The tempo of brain development
Why do some regions of the brain grow more than others? A recent discovery by Denis Jabaudon's laboratory shows that mitochondria – the energy powerhouses of our cells – influence the tempo at which neurons are born. And this tempo is not insignificant; it could play a role in psychiatric disorders.
Denis Jabaudon, professor and director of the Department of Basic Neurosciences at the Faculty of Medicine and member of its Synapsy Center for Neuroscience and Mental Health Research, leads a laboratory exploring the genetic mechanisms that orchestrate the generation of neurons and their integration into functional circuits during development. “Studying neurogenesis is a fundamental challenge”, explains Denis Jabaudon, “because, unlike other cells in the body, neurons produced during development accompany us throughout our lives.” Any alteration at this critical stage can therefore have lasting, even irreversible, repercussions.
But a new area of research has recently emerged: the tempo of brain development. By mapping the birth of neurons in mice, his team has identified a factor in brain formation that had previously been little explored: the role of mitochondria in regulating neurogenesis over time.
The first steps of the nervous system
Early in embryonic development progenitor cells proliferate to give rise to several types of specialised cells, such as neurons or glial cells. In mammals, the progenitor cells destined to form brain structures initially organise themselves into three morphologically similar vesicles: the forebrain, midbrain, and hindbrain. However, at the end of gestation, these once homogeneous structures give rise to brain regions of strikingly different sizes, with the forebrain having by far the biggest size: it gives rise to the cerebral cortex, a key structure of our species allowing us a conscious perception of the outside world.
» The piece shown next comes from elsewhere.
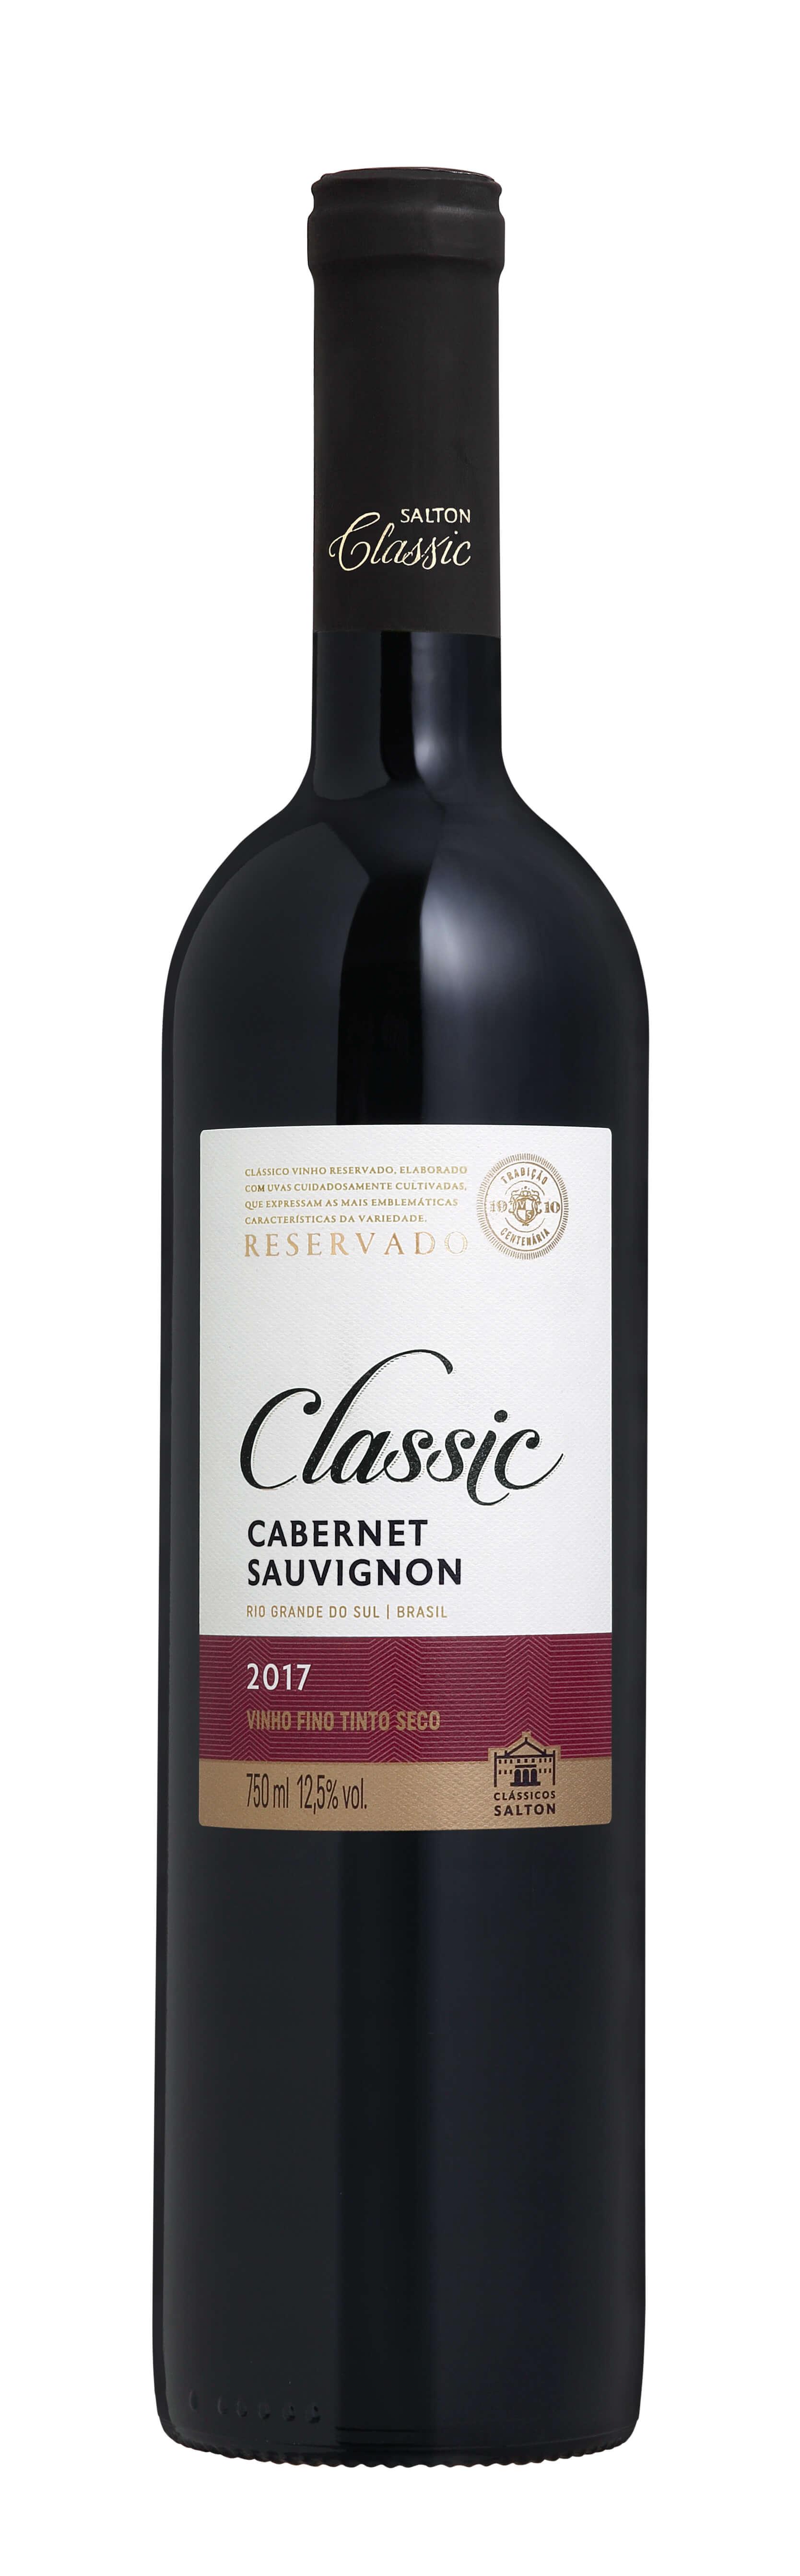 SALTON CLASSIC CABERNET SAUVIGNON

By tracing the temporal evolution of progenitor cells in these three vesicles, Denis Jabaudon's team observed that, despite a common start in the development of the three vesicles, the hindbrain is characterised by cell division of progenitor cells resulting mainly in two neurons. Neurogenesis therefore occurs briefly and intensely. Conversely, in the forebrain, progenitor cells divide more often into one progenitor cell and one neuron, allowing the pool of progenitor cells to be maintained over time.
Mitochondria, the conductors of neurogenesis
To understand where this difference comes from, the laboratory looked at the genetic profile of progenitor cells from the three brain vesicles. In regions where neurogenesis occurs over a long period of time, this analysis revealed high expression of FAM210B, a mitochondrial protein that regulates the energy function of cells. To confirm the link between the gene and the observation, Denis Jabaudon's team inhibited FAM210B in vivo in these regions. Neurogenesis accelerated and total neuron production decreased. Conversely, activating this gene in regions where it is not normally expressed led to longer neurogenesis and a greater number of neurons than expected.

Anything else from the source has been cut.